If you bounce a ball off of a stationary wall, it bounces back with (approximately) the same horizontal momentum. If the wall is moving toward you then the ball bounces back harder than you threw it. While very few actual walls move, the principle is why home runs travel further than fastballs.

With the ball the speed is faster after hitting the moving wall. You could say the closing speed of the wall - ball is faster when the wall is moving toward the ball.

Faster after, not before hitting the wall. OK.

But if we replace a ball with a photon and the wall with a moving mirror the frequency of the light is higher coming off the mirror compared to the incoming frequency.

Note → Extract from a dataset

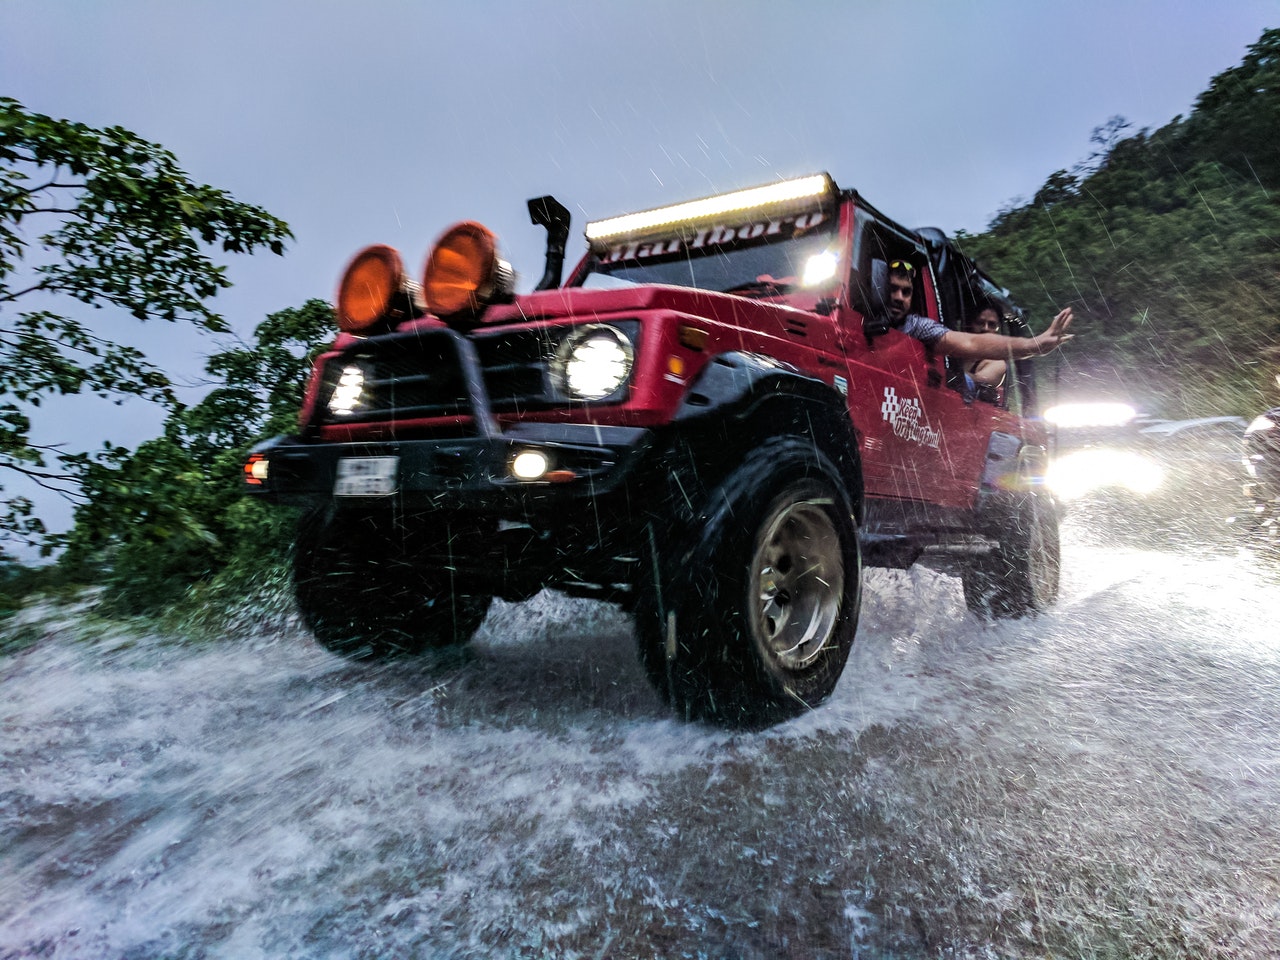 Digital nomads driving through storm in their offroad overlanding Jeep

Yet is true that if the mirror was an observer the frequency of the light would be higher even before it hit the mirror? (Terrell Rotation effect of observing incoming light being blue-shifted)
boit
Funny thing is that individual photon will degrade. I saw in another site someone (not an authority) stating that if anything the photon will red shift after bouncing off a mirror (the mirror was stationary in their case).
Simple Netwnonian Mechanics: ball moves faster after colliding with a moving wall
Elementary Einstein relativity: photon shift frequency after bouncing off a moving mirror (a la speed gun radio waves).
rpenner
That makes no sense. If the source of the claim is not an authority, why do you take the source's statement as factual?